The findings by Li et al⁷ also add to the growing body of evidence that simple interventions such as air purifier systems using high-efficiency particulate arrestance filters can help protect against adverse health impacts of air pollution.^5,13 The reduction in estimated PM_2.5 exposure afforded by filtration favorably influenced most of the health outcomes (blood pressure, insulin resistance, oxidative stress, inflammation), curtailed PM_2.5-induced activation of the sympathetic nervous system and hypothalamic-pituitary-adrenal axis, and helped mitigate the ensuing metabolomic perturbations. Although indoor air purification has ostensible merit, the estimated reduction in time-averaged exposure was only 50%, as in prior studies.^5,13 Average PM_2.5 exposure remained at 24 μg/m³ even during air purification, which is 2 to 3 times that faced by most Americans² and may leave most people incompletely protected. Thus, more substantial reductions in exposure may be required to optimally protect public health.^5,6 Moreover, this study represents near-ideal scenarios among healthy individuals living in relatively confined indoor spaces. These facts raise additional important questions. Is a 50% reduction in PM_2.5 exposure even worthwhile from a health standpoint during extremely polluted periods (100–500 μg/m³)? Do health benefits of filtration persist over the long term? Would additional personal-protection actions if implemented outdoors during periods of maximal exposure (exercise and commutes) result in further benefits? Last, does reducing PM_2.5 exposures among at-risk populations, such as patients with cardiovascular disease, translate into actual clinical benefits (eg, prevent future myocardial infarctions)?

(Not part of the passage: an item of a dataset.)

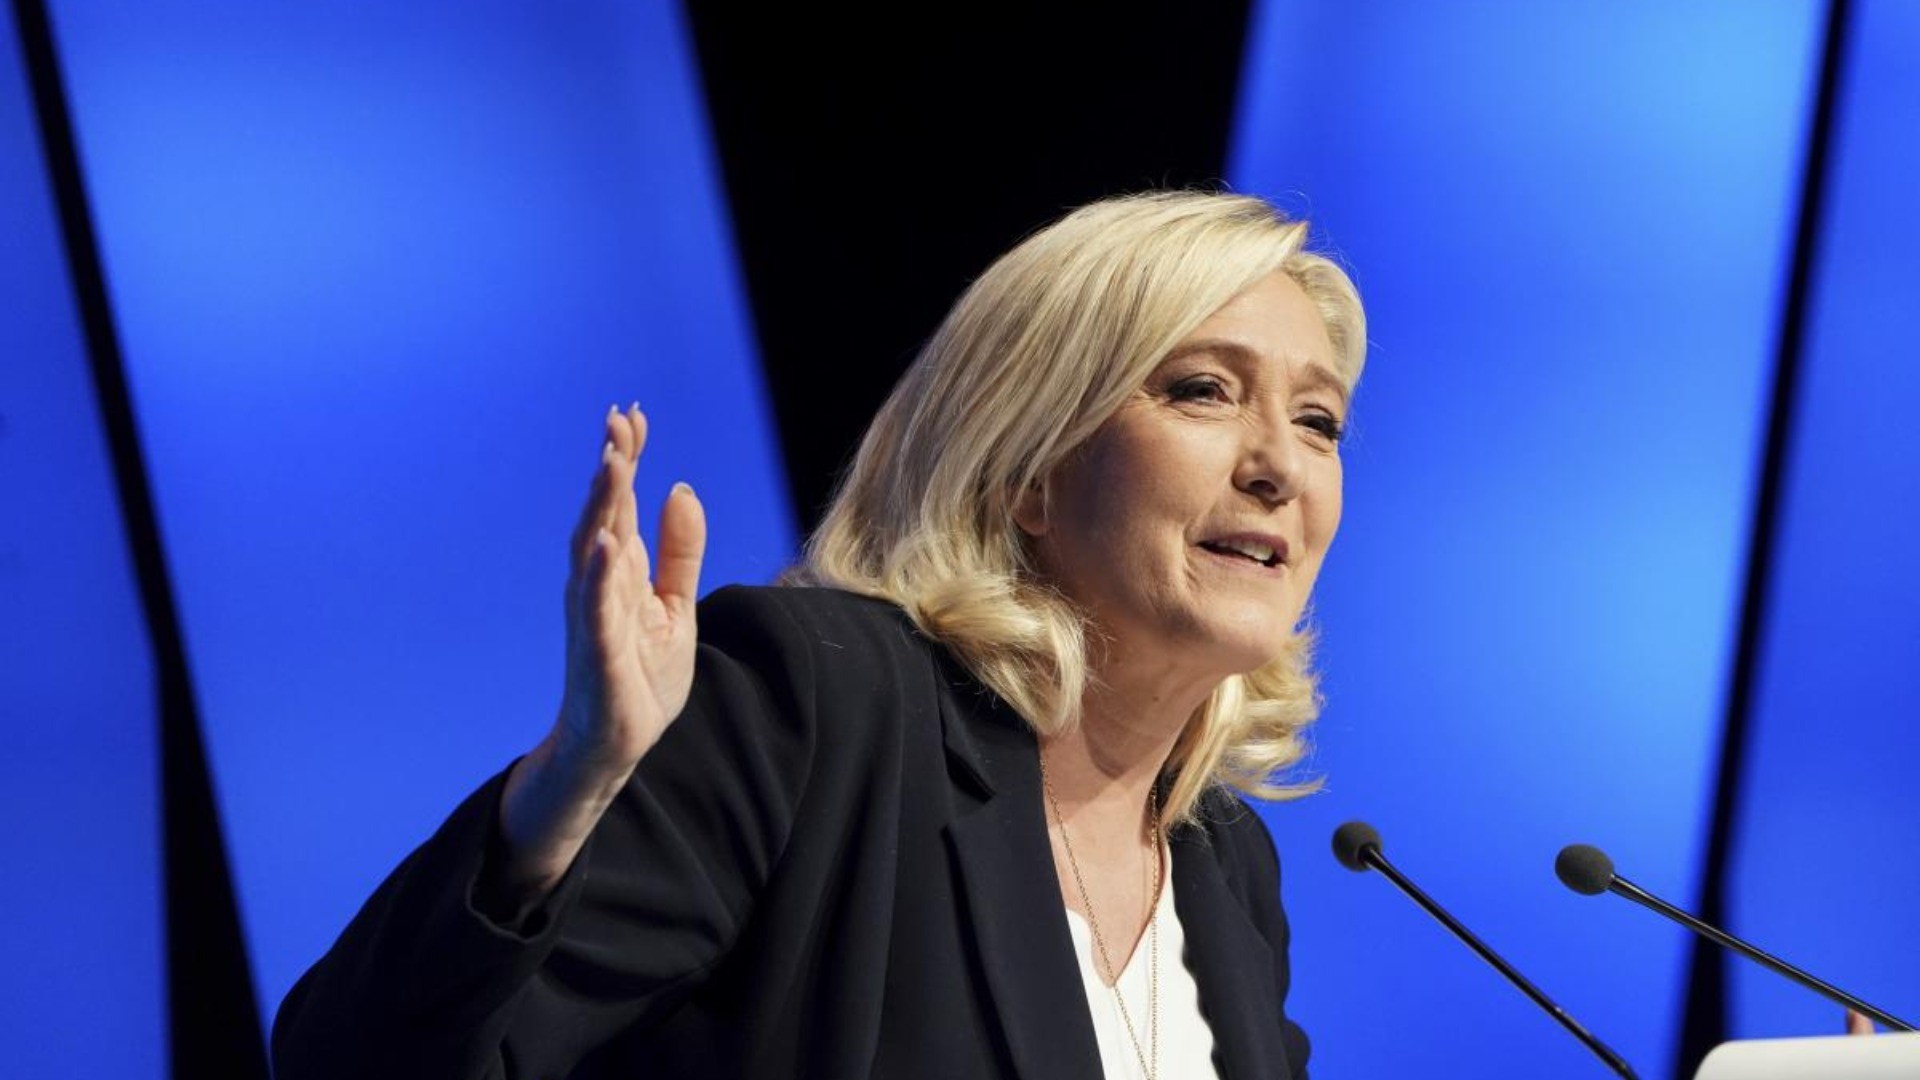 Francia, Marine Le Pen si scaglia contro le donne con il velo: "Chi lo indosserà prenderà una multa"
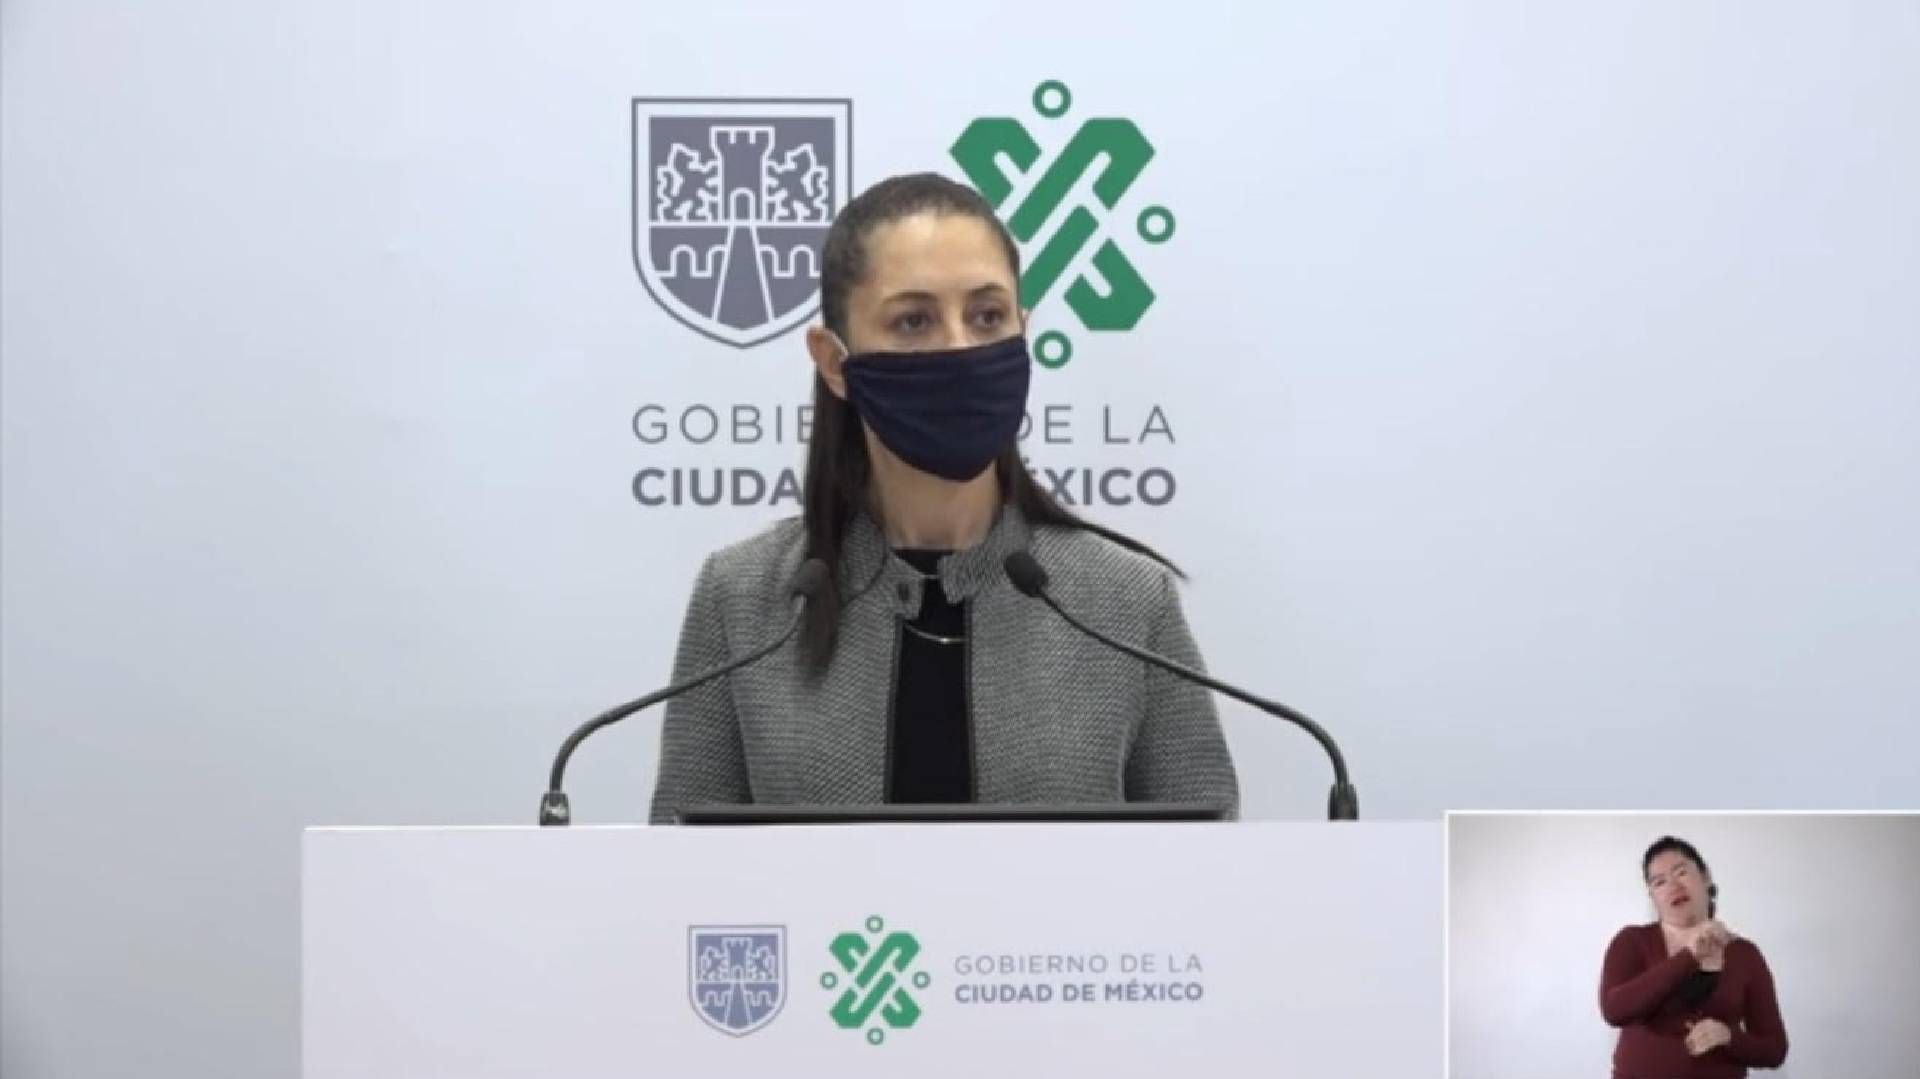 Claudia Sheinbaum Pardo, jefa de gobierno de la Ciudad de México (Foto: Captura de Pantalla)

One approach to overcome the challenges presented by the indoor-outdoor continuum of high PM_2.5 exposures in heavily polluted regions is to wear N95 masks while outside. These facemasks block >95% of particle inhalation when fit properly and are more effective than surgical or cloth masks. A few prior studies have shown that N95 respirators can provide cardiovascular protection during outdoor activity in Beijing.^5,13 Indeed, findings by this same group of investigators recently demonstrated favorable changes in blood pressure and other biomarkers when healthy young adults in Shanghai wore N95 respirators.¹⁴ Given the danger posed by air pollution and the short-term benefits of personal-protection strategies (indoor air filtration and N95 facemasks) on improving surrogate health end points, why have these relatively inexpensive practical approaches not been promoted to the public at-large by scientific and health agencies?^3,4 The answer is that there have been no large-scale randomized controlled outcome studies with hard cardiovascular end points (eg, acute coronary syndromes, strokes, heart failure) to conclusively support the basis for any such formal recommendations in any population. As we recently proposed, the time has come for just such a definitive trial (focusing initially on high-risk patients).¹⁵ Prior studies^5,13 and the current results from Li et al⁷ have provided the necessary foundation bolstering the scientific plausibility to formally test the benefits of these personal-prevention approaches. We believe clinical outcome trials are now warranted to significantly move this field forward from a scientific and health policy standpoint. The era of simply being stressed about PM_2.5 without being able to take proven personal-protective actions should come to an end.